El presidente francés, Nicolás Sarkozy, abogó por un contexto plurimonetario, mientras que países como Estados Unidos, Japón y Alemania, opinaron que el sistema vigente es el más eficaz en tanto no se demuestre lo contrario.

China, por ejemplo, propuso crear una divisa de reserva multinacional, con lo cual se suma a la petición de Rusia, quien reconoce la merma del dólar.

El gobernador del Banco Popular del gigante asiático, Zhou Xiaochuan, defendió la creación de una divisa de reserva multinacional que no esté relacionada con naciones individuales y pueda permanecer estable a largo plazo.

Por su parte, la Organización de Naciones Unidas (ONU) también propone reformar el sistema monetario internacional, un nuevo Bretton Woods para sustituir a la hegemonía del dólar.

Un informe de la Conferencia de Naciones Unidas sobre Comercio y Desarrollo (UNCTAD), reconoció que el sistema no funciona correctamente y lo acusó de ser el gran responsable de la actual crisis financiera.

La sustitución del dólar por una moneda artificial resolverá algunos de los problemas relacionados con el gran déficit por cuenta corriente y brindará mayor estabilidad, explicó.
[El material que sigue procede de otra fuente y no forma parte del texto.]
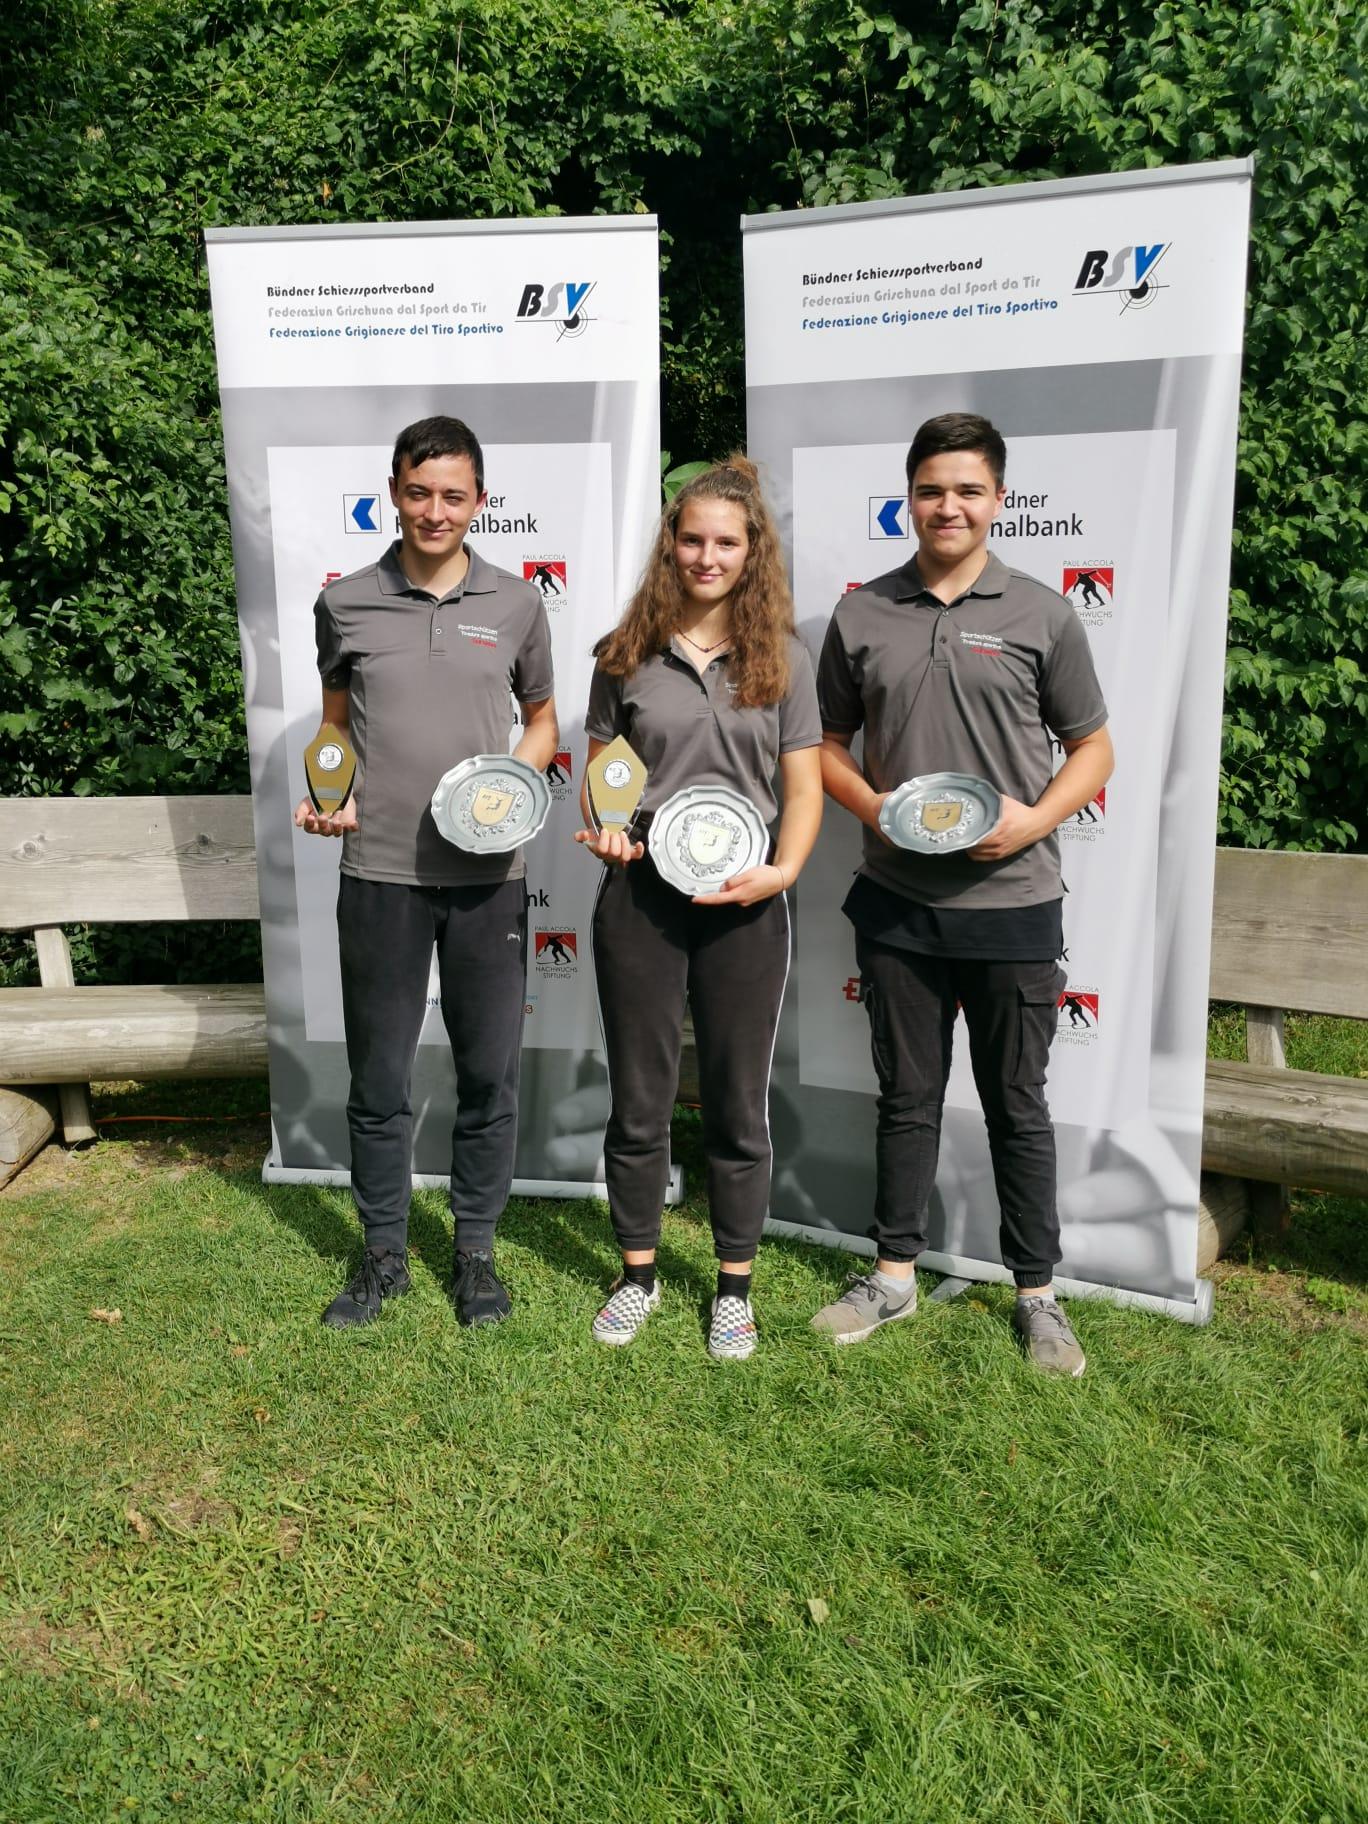 Bündner Jugendtag 2020 50m Gruppe 1. Rang Chris * Anja * Tino
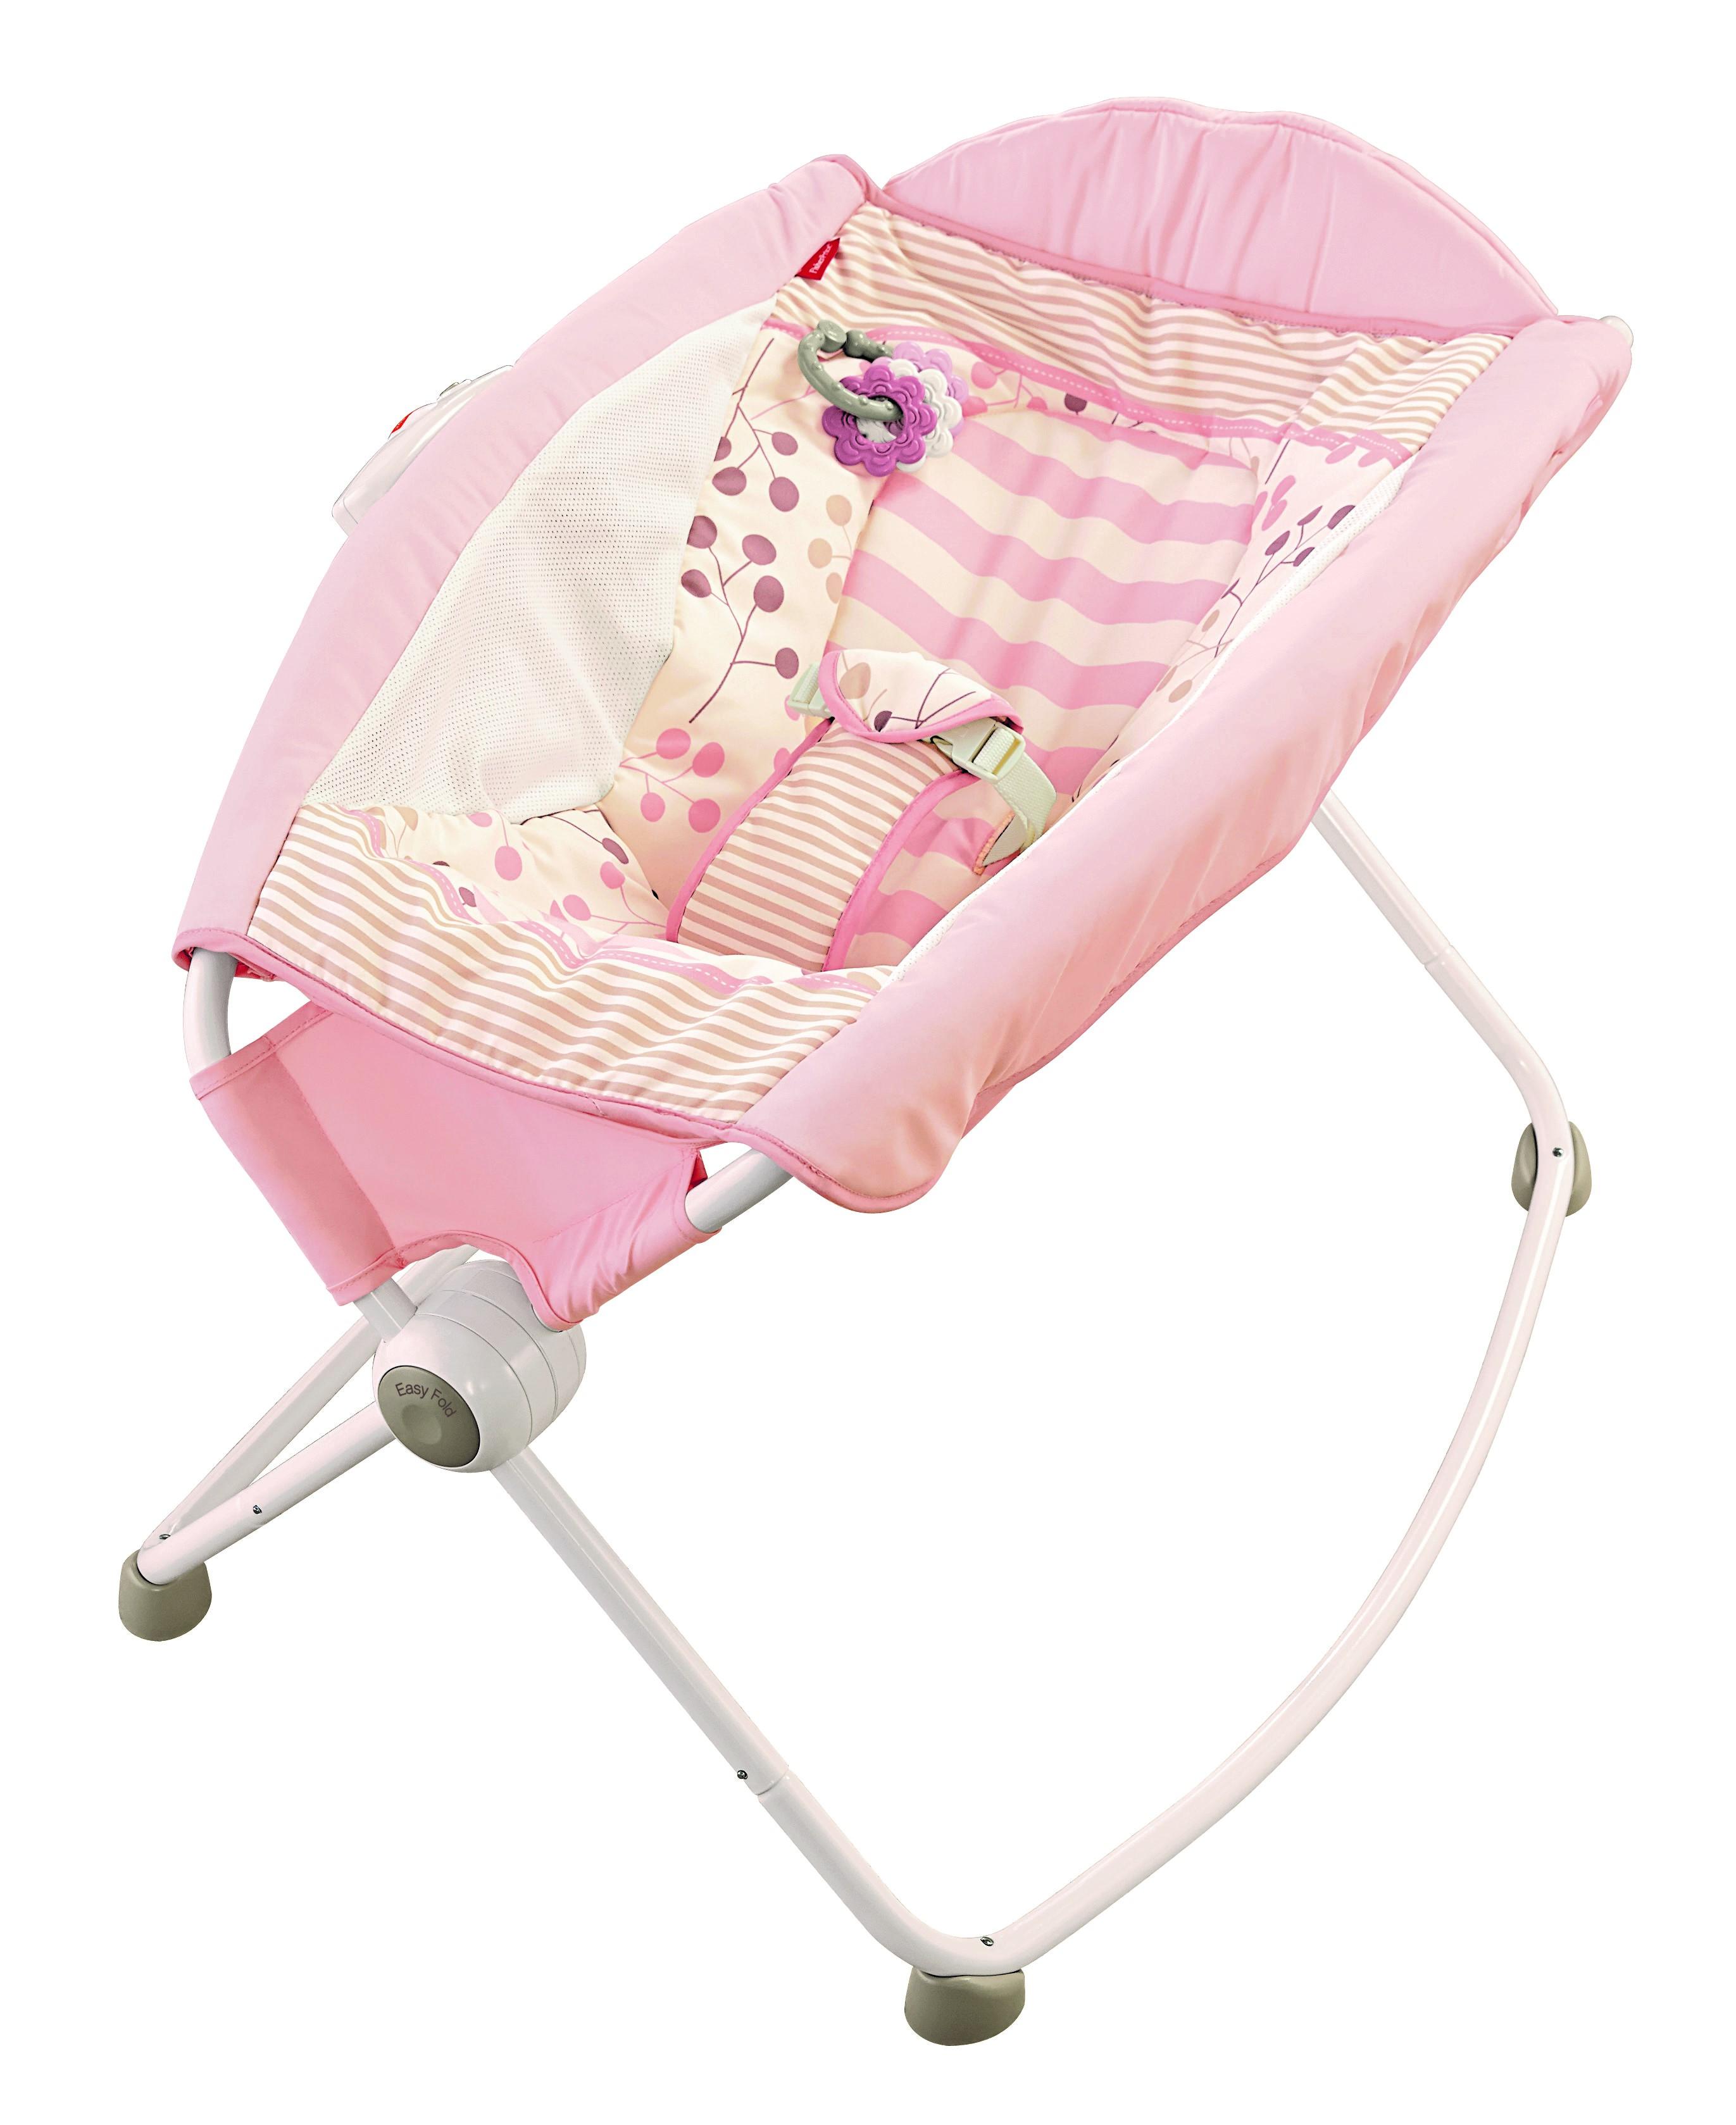 9d5146dcb Fisher Price retira del mercado la silla Rock'n Play Sleepers, al menos 30  infantes han muerto al rodar en ella | Telemundo

La entidad agregó que es preciso un nuevo sistema de tipo de cambios, con una mayor regulación del mercado financiero para prevenir futuras coyunturas como la actual.

Para ello sugirió establecer los tipos de cambio con base en un patrón estable, gestionado y determinado de forma multilateral. La UNCTAD estimó imprescindible un nuevo sistema monetario con principios y normas consensuados con el objetivo de lograr la estabilidad de la economía mundial y la equidad del comercio internacional.

* Brugal es periodista, jurista, fue diplomático y miembro de la Comisión Económica de la Asamblea General de la ONU y colabora con Prensa Latina; Fernández es periodista de la Redacción Económica de Prensa Latina.